Even if you somehow never saw the book Act Like A Lady, Think Like A Man at the grocery store checkout line or in TV ads, there's pretty much no way you won't know everything about its contents, its message, or its author Steve Harvey by the end of the new movie based on it, Think Like A Man. Unlike He's Just Not That Into You, which adapted a self-help book into a bland and sprawling rom-com, Harvey's book is at the center of the equally bland and sprawling Think Like A Man-- the author and actor himself pops up frequently to dish out bits of wisdom, and all of the characters carry the book around as if it were the Dead Sea Scrolls.
It's unclear if writers Keith Merryman or David A. Newman simply couldn't think of a more clever way to adapt the material, or if Harvey himself demanded to hang over the moving like some advice-spewing Cheshire Cat, but Think Like A Man quickly becomes exhausting in adhering to its many lessons, all mostly about how women can manipulate the men in their lives to treat them better. There's the single mom (Regina Hall) who learns to be up front with her momma's boy beau (Terrence J), the frustrated long-term girlfriend (Gabrielle Union) redecorating her house against her boyfriend's (Jerry Ferrara) will, and the sly single gal (Meagan Good) who decides to wait a full 90 days before letting her new guy (Romany Malco) have the "cookie"-- come on, you know what this PG-13 movie means by that.

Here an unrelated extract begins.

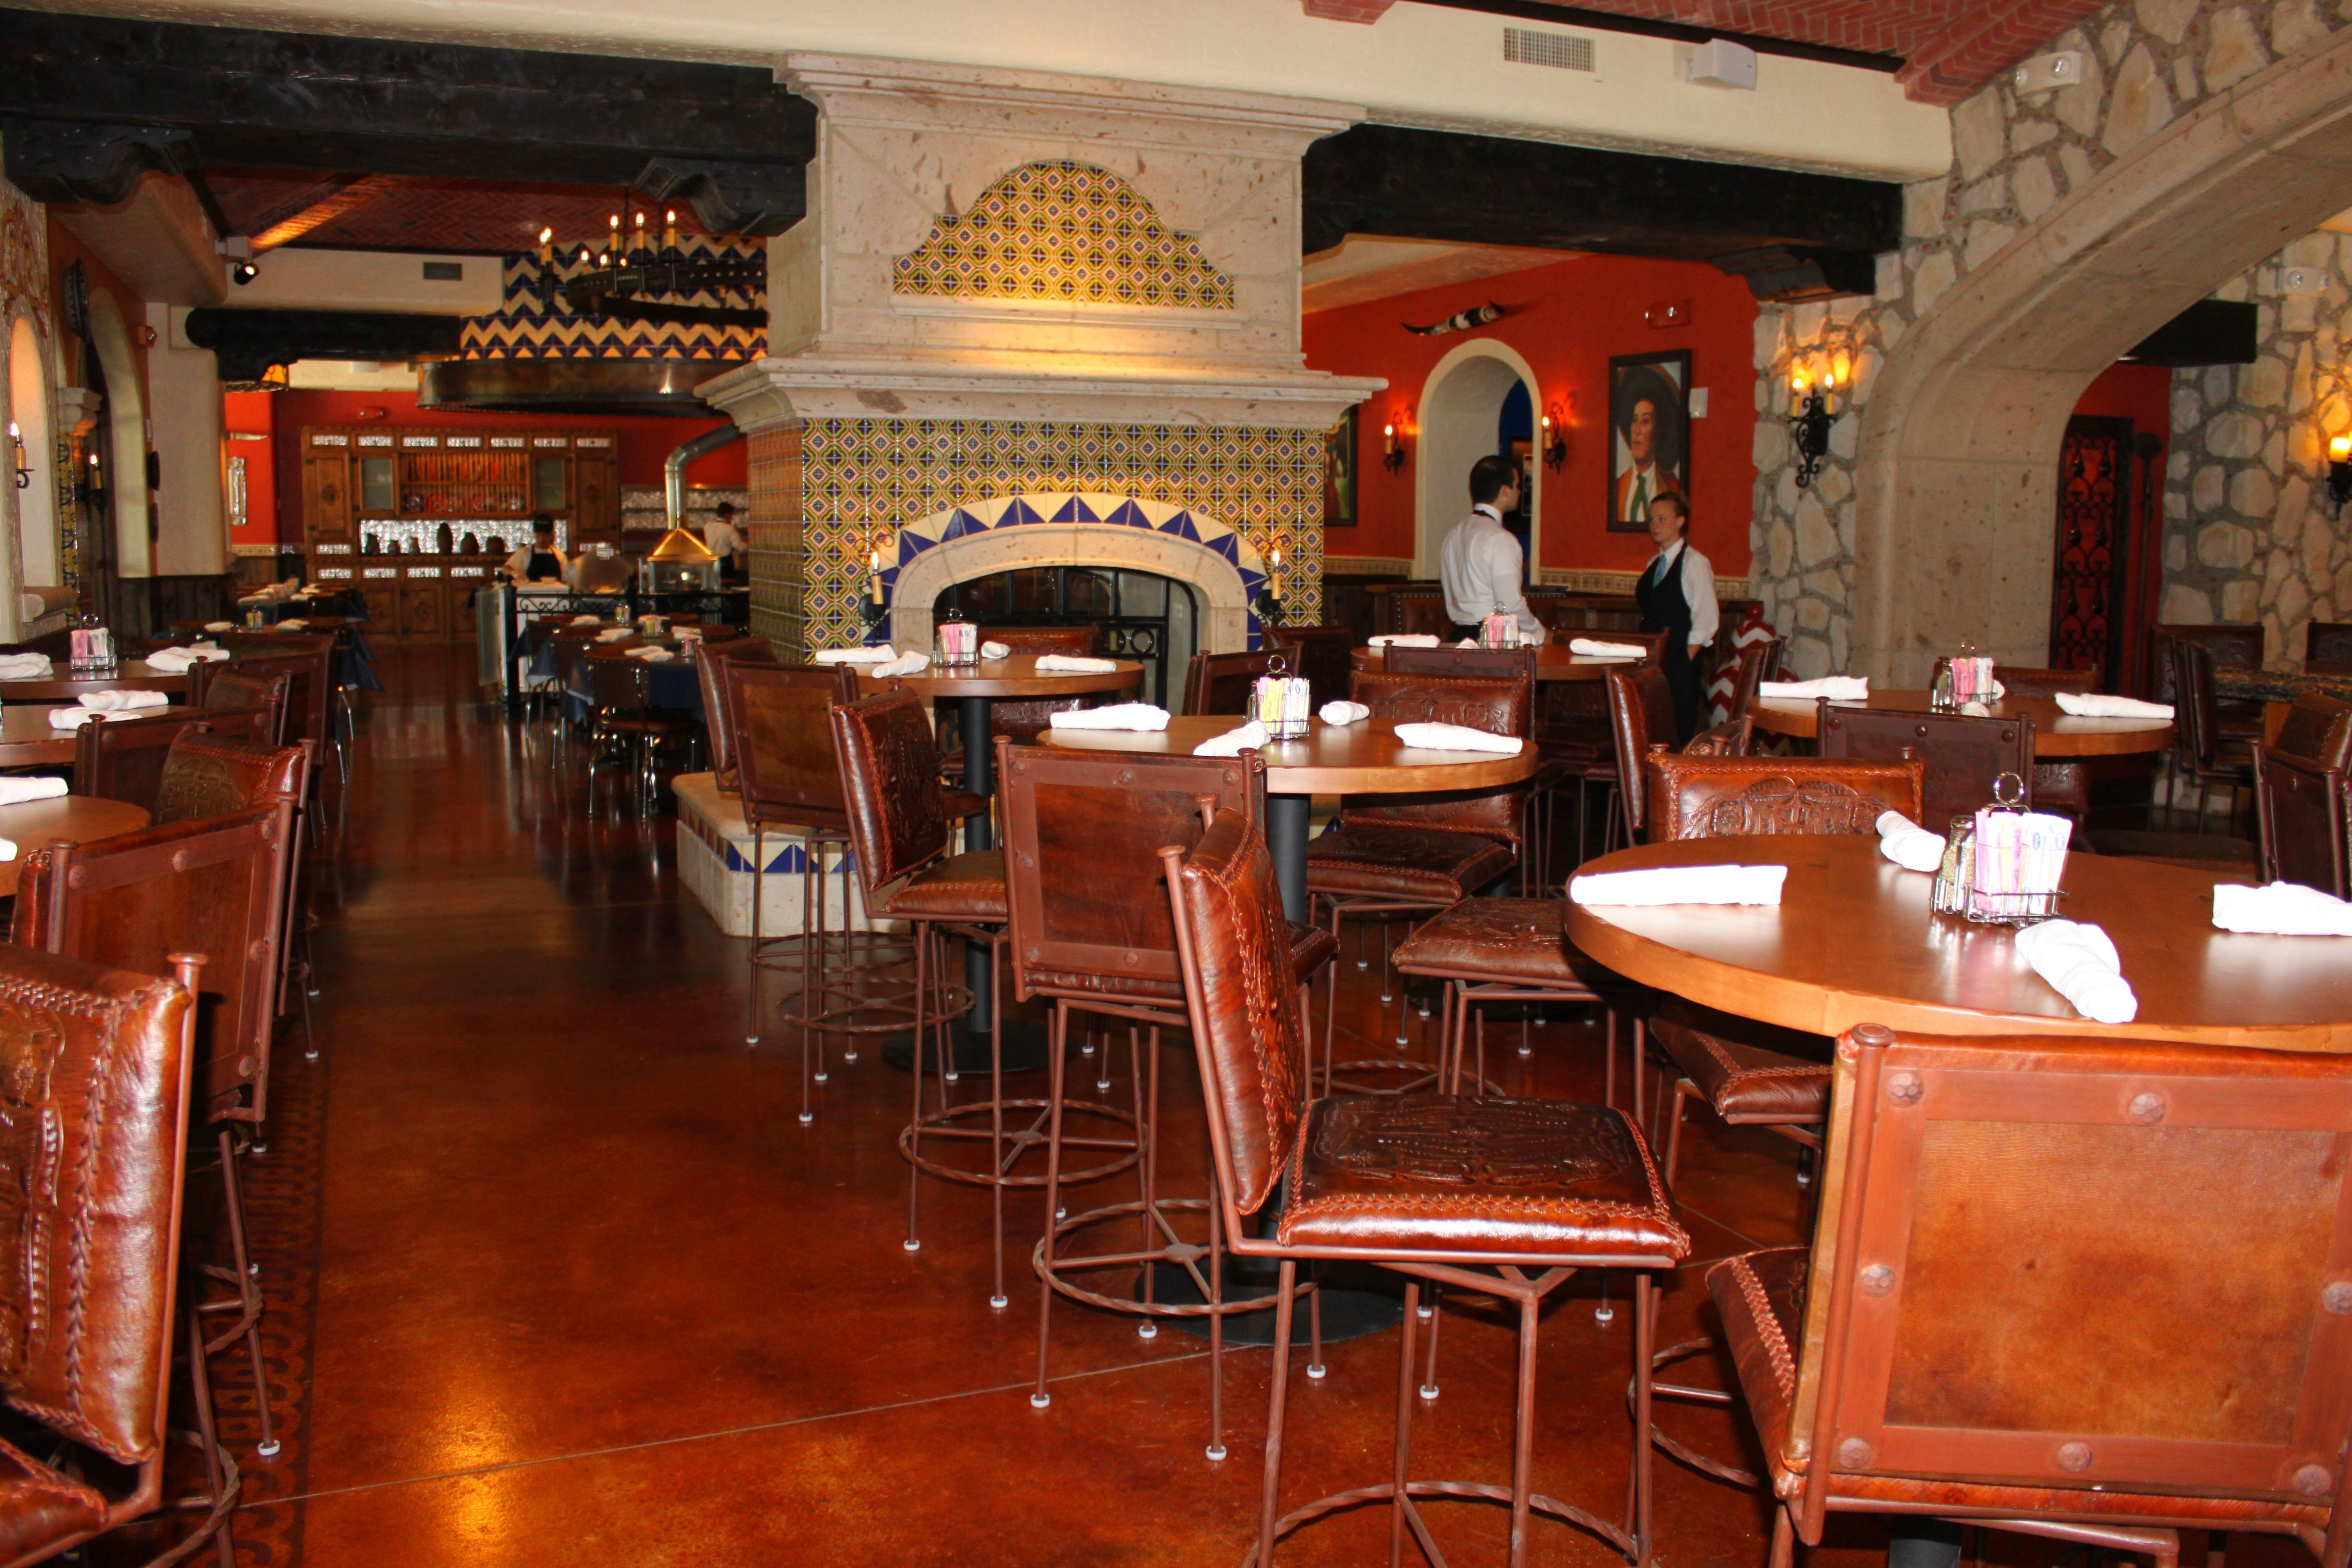 Uncle Julio's Restaurant - Austin Texas Bomanite Chemical Stain

There's also a courtship between a high-powered executive (Taraji P. Henson) and an aspiring chef currently working as a caterer (Michael Ealy), the only relationship that breaks the mold by having the woman be the one who learns a lesson. All the guys hang out in a thrice-weekly basketball game, swapping dating advice and joshing around, which means their encounters occasionally focus on something other than the relationships we're seeing play out on screen (Kevin Hart, in a fast-talking comic relief role, provides most of that). But the women talk exclusively about the men, usually in platitudes cribbed directly from Harvey's book, and at two-plus hours Think Like A Man might take as long as actually reading the book yourself.
To its credit, the movie is often much funnier than it could have been, usually thanks to Hart or some jabs amongst the guys that zing a little harder than you expect-- though Union and Good both take advantage of their straightforward characters to add spots of comic zest as well. Tim Story, who made Barbershop before a misguided venture into the Fantastic Four movies, directs with a quick pace and a willingness to cut his performers loose when necessary, especially Hart, whose storyline only develops near the end but pays off nicely. And the glossy production design gives the women fantastic outfits and every apartment, no matter how humble, a sitcom-y sheen-- no small compensation when the story stalls out in the second act and your mind may wander to wondering how Good maintains such a great manicure in every scene.
Early on in the movie two different characters take shots at Tyler Perry movies, setting them up as the kind of lame rom-coms that everyone in this world ought to be moving past. And if Tyler Perry's melodramatic tales-- in which love is only possible once you've undergone hardship and embraced Jesus together-- are really the only model for African-American relationships at the movies these days, then Think Like A Man really is something special, if only for being as zippy, bland and secular as any other studio romantic comedy. By relying heavily on gender stereotypes that assume every woman wants to get married-- unless it's Henson's character, "The woman who is her own man"-- and every man wants nothing more than to play basketball and drink with his buddies, Think Like A Man sets up easy sides in its game of love, then spends two hours pretending it's difficult to reconcile the two. As in any rom-com, no one's actual relationship is like this, but that doesn't mean we can't continue taking some very guilty pleasure in watching it all play out anyway.